Narrarated by: Dion Graham

Copyright © 2006 by Dave Eggers. All rights reserved. Copyright 2007 by BBC Audiobooks America. All rights reserved. Copyright exists on all recordings issued by BBC Audiobooks America. Any unauthorized broadcasting, public performance, copying or re-recording of such recordings in any manner whatsoever, will constitute an infringement of such copyright.

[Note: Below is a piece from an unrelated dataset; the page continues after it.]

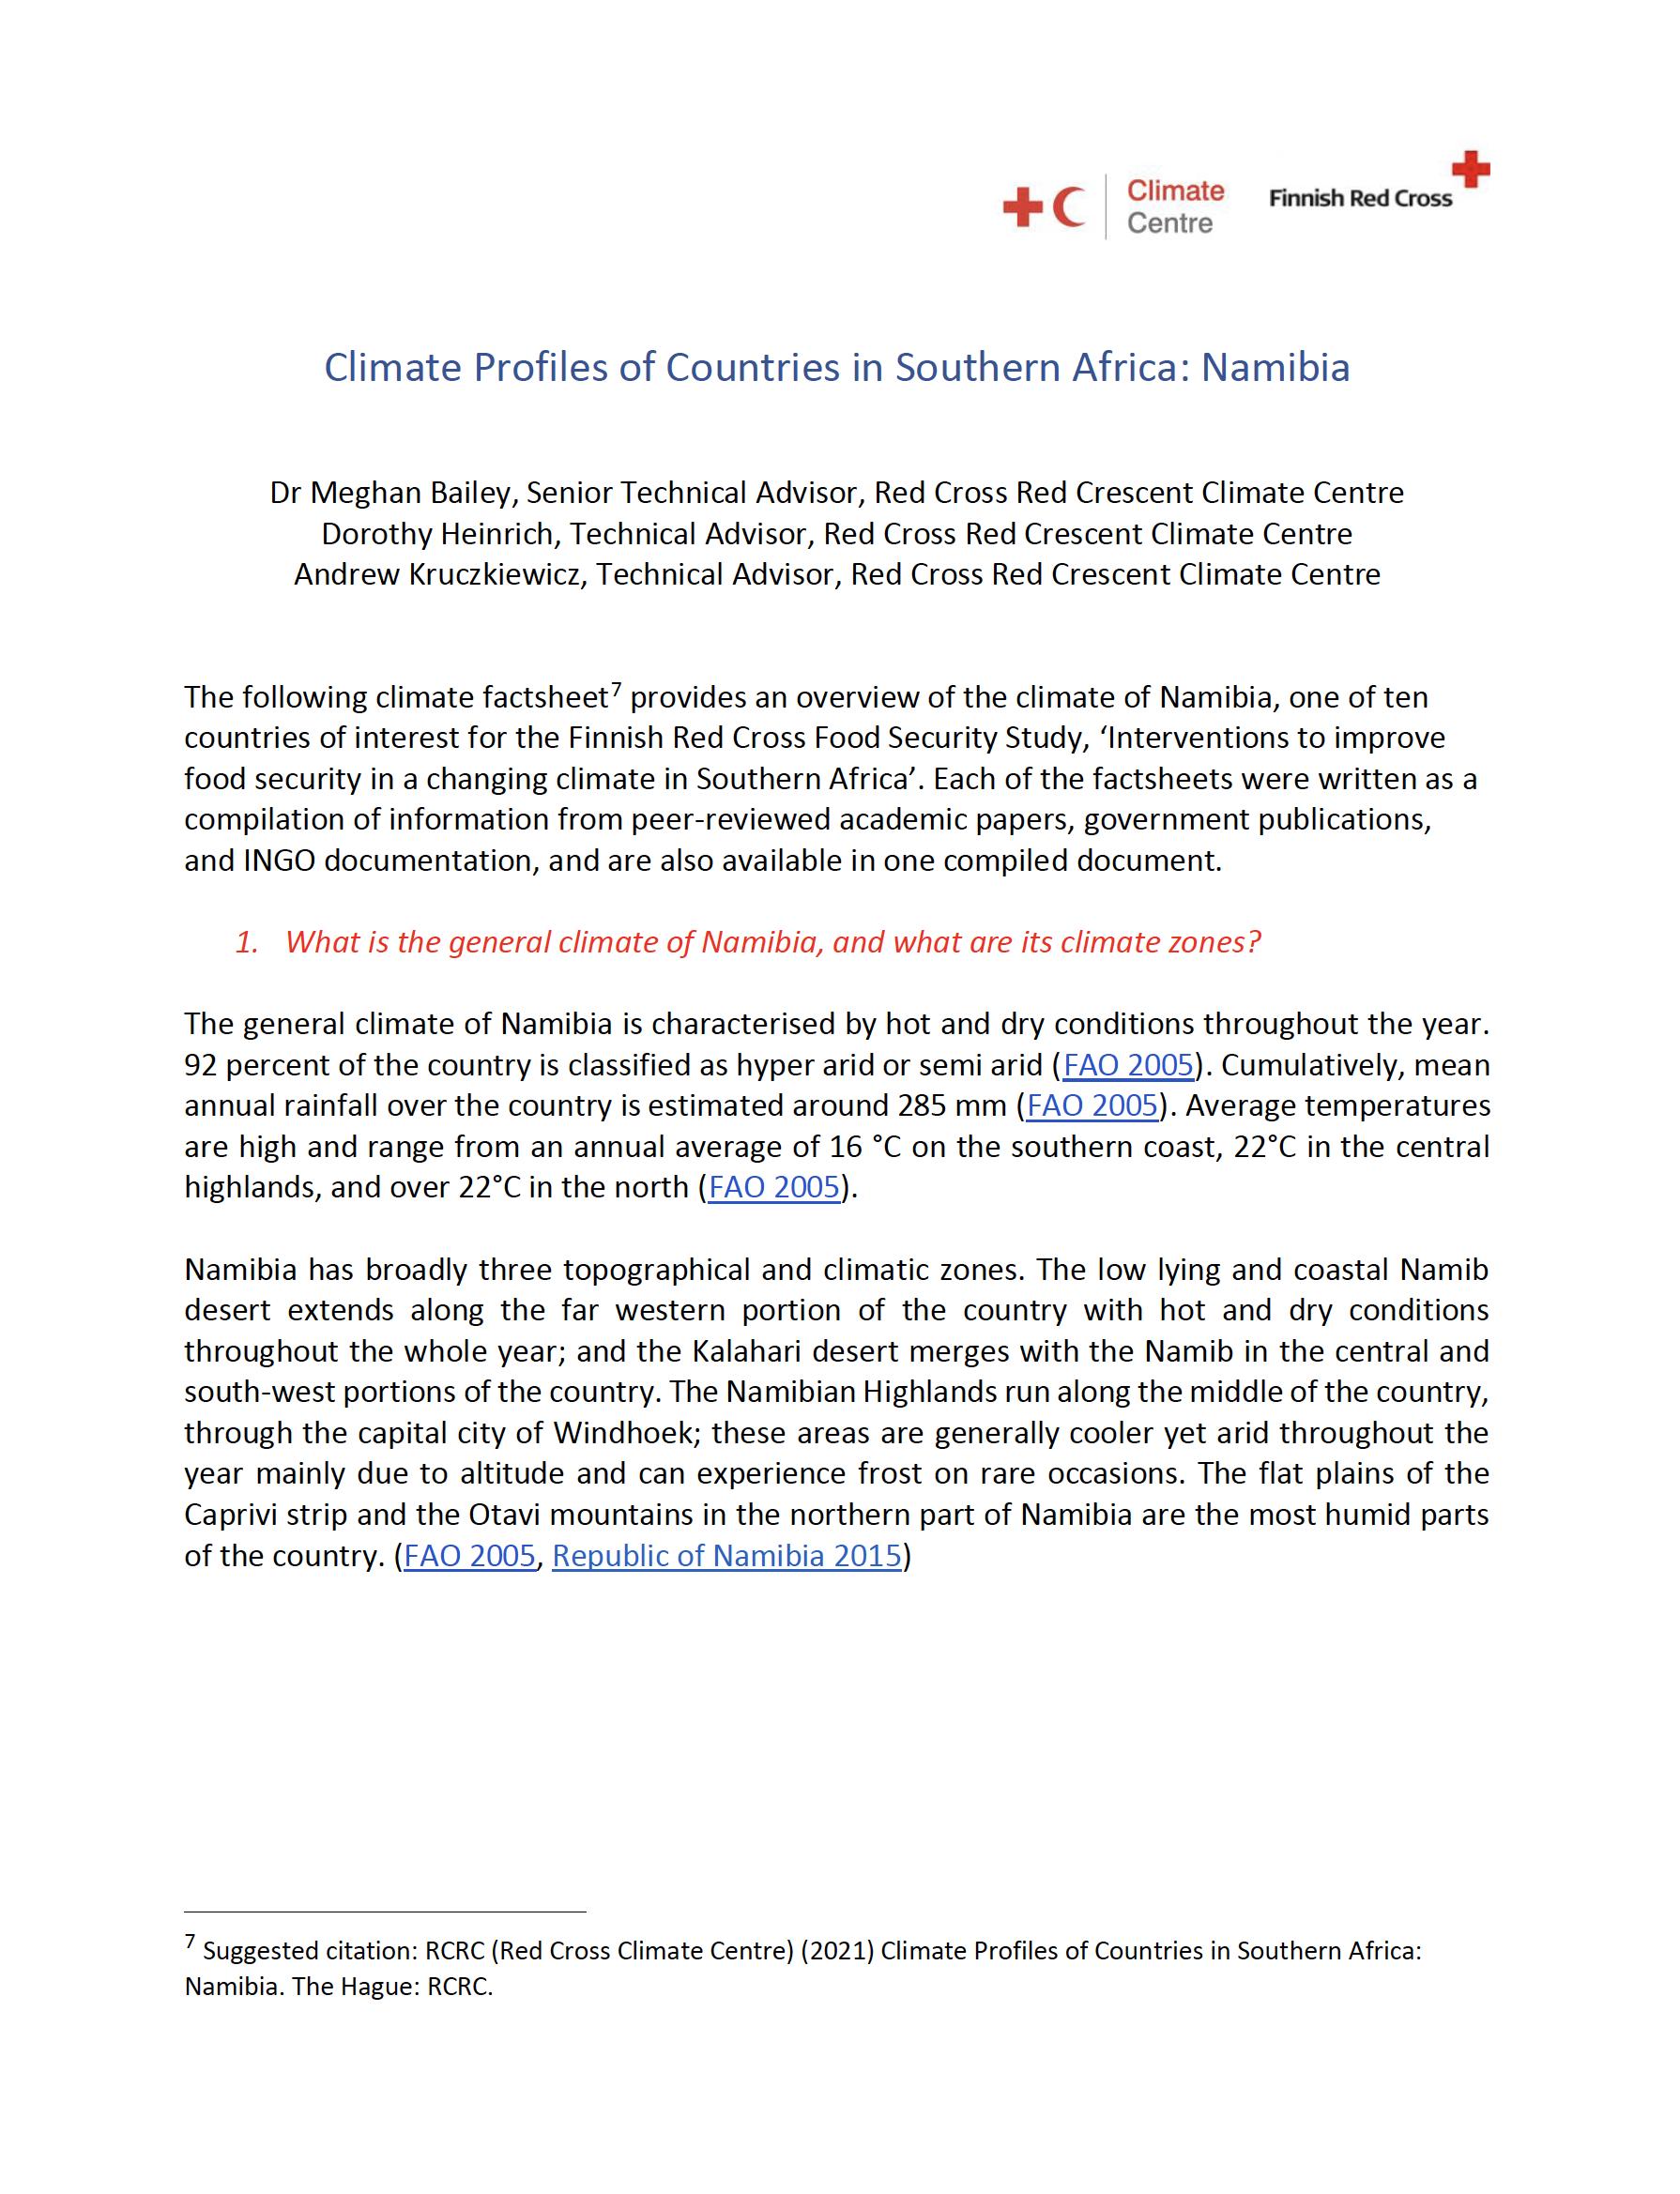 Climate Factsheet Namibia

In a heartrending and astonishing novel, Dave Eggers illuminates the history of the civil war in Sudan through the eyes of Valentino Achak Deng, a refugee now living in the United States. We follow his life as he's driven from his home as a boy and walks, with thousands of orphans, to Ethiopia, where he finds safety — for a time. Valentino's travels, truly Biblical in scope, bring him in contact with government soldiers, janjaweed-like militias, liberation rebels, hyenas and lions, disease and starvation — and a string of unexpected romances. Ultimately, Valentino finds safety in Kenya and, just after the millennium, is finally resettled in the United States, from where this novel is narrated. In this book, written with expansive humanity and surprising humor, we come to understand the nature of the conflicts in Sudan, the refugee experience in America, the dreams of the Dinka people, and the challenge one indomitable man faces in a world collapsing around him.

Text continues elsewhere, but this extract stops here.